- What to do: Without the pictures, retype each line below exactly as it stands.

- Supplied information:
■ ■ ■
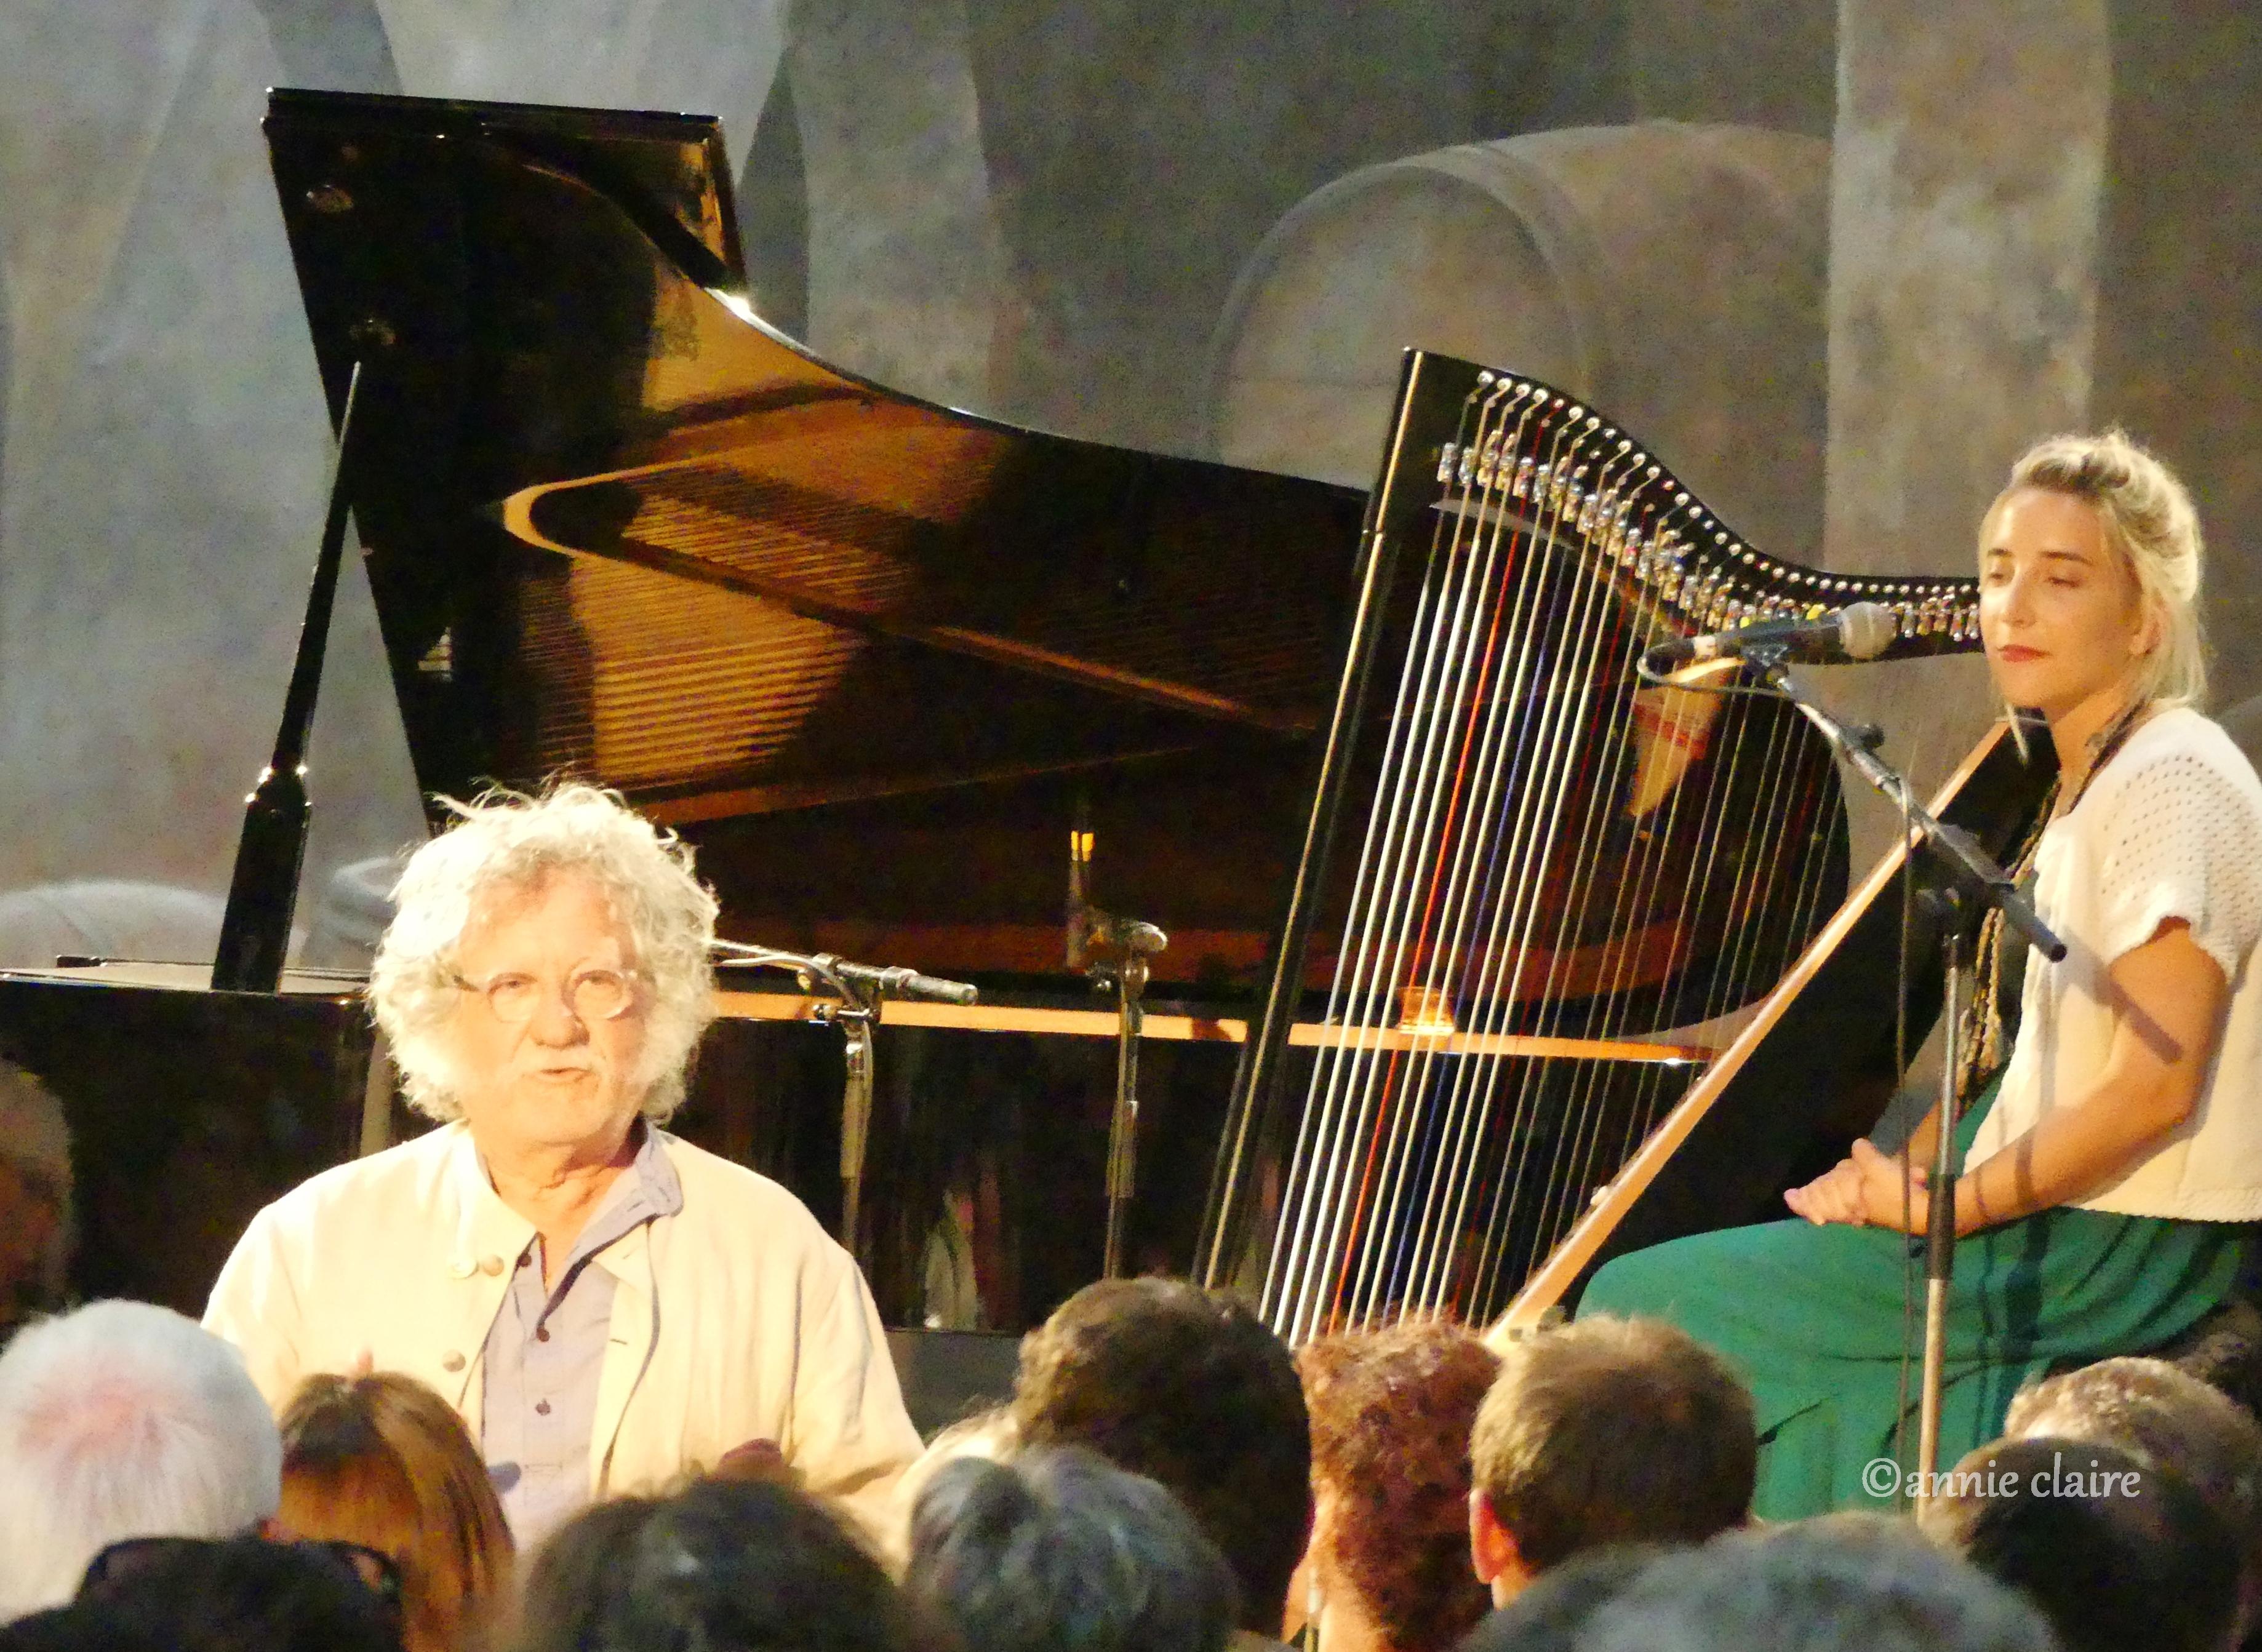 Jean-Pierre Béal annonce Mila Marina à la harpe qui accompagne Paulette Wright ©annie claire
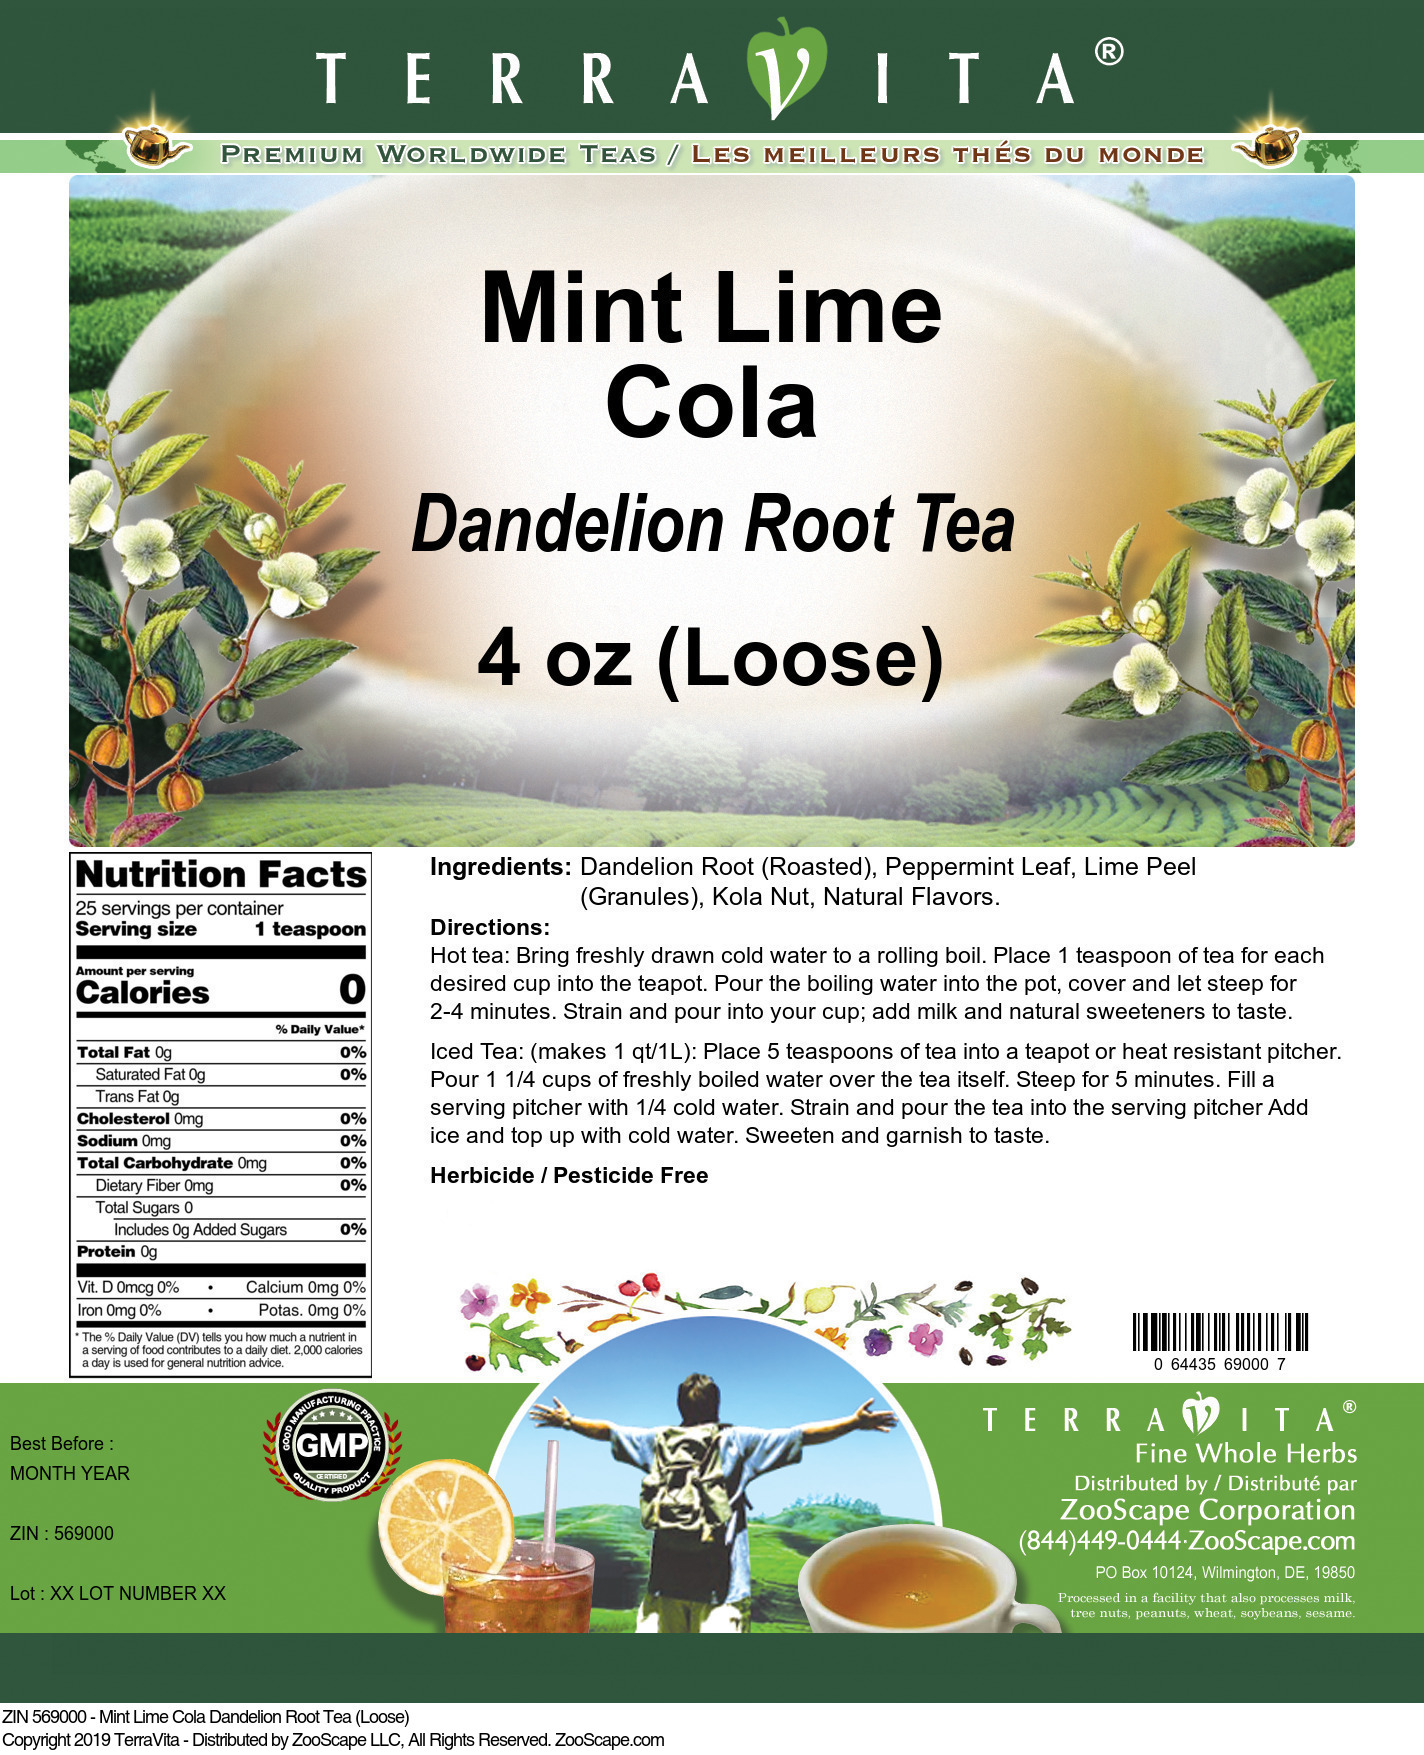 Mint Lime Cola Dandelion Root Tea (Loose)
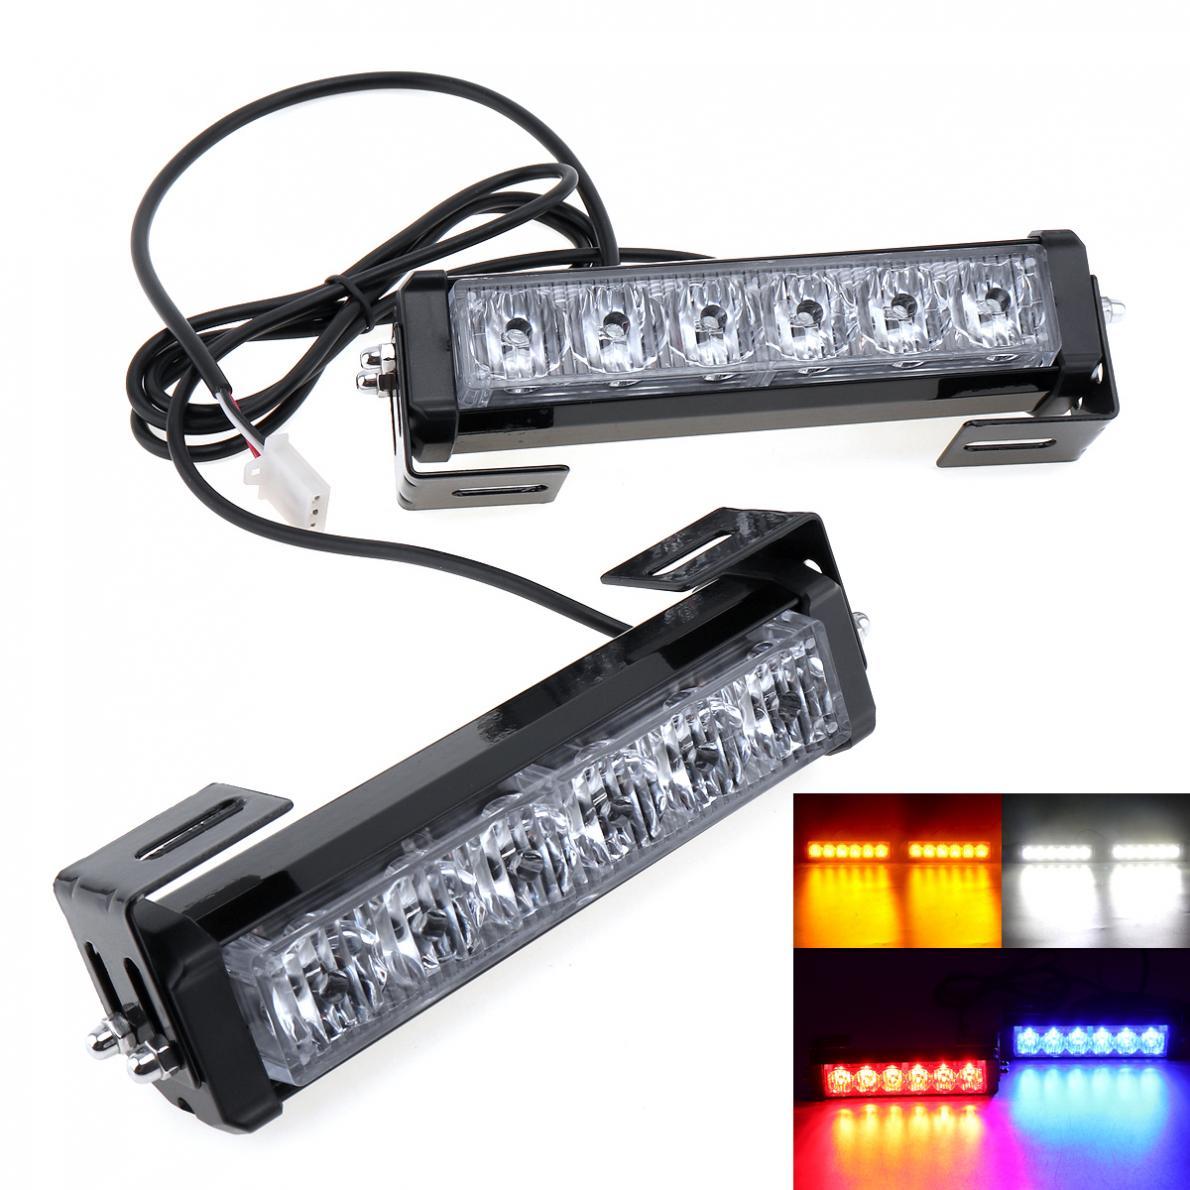 3000Lm DC 12V 36W Strobe Car Warning Light LED Daytime Running Police Emergency Light DRL Lamp for Truck Motorcycle Car SUV
■ ■ ■
- Reply:
 Jean-Pierre Béal annonce Mila Marina à la harpe qui accompagne Paulette Wright ©annie claire
 Mint Lime Cola Dandelion Root Tea (Loose)
 3000Lm DC 12V 36W Strobe Car Warning Light LED Daytime Running Police Emergency Light DRL Lamp for Truck Motorcycle Car SUV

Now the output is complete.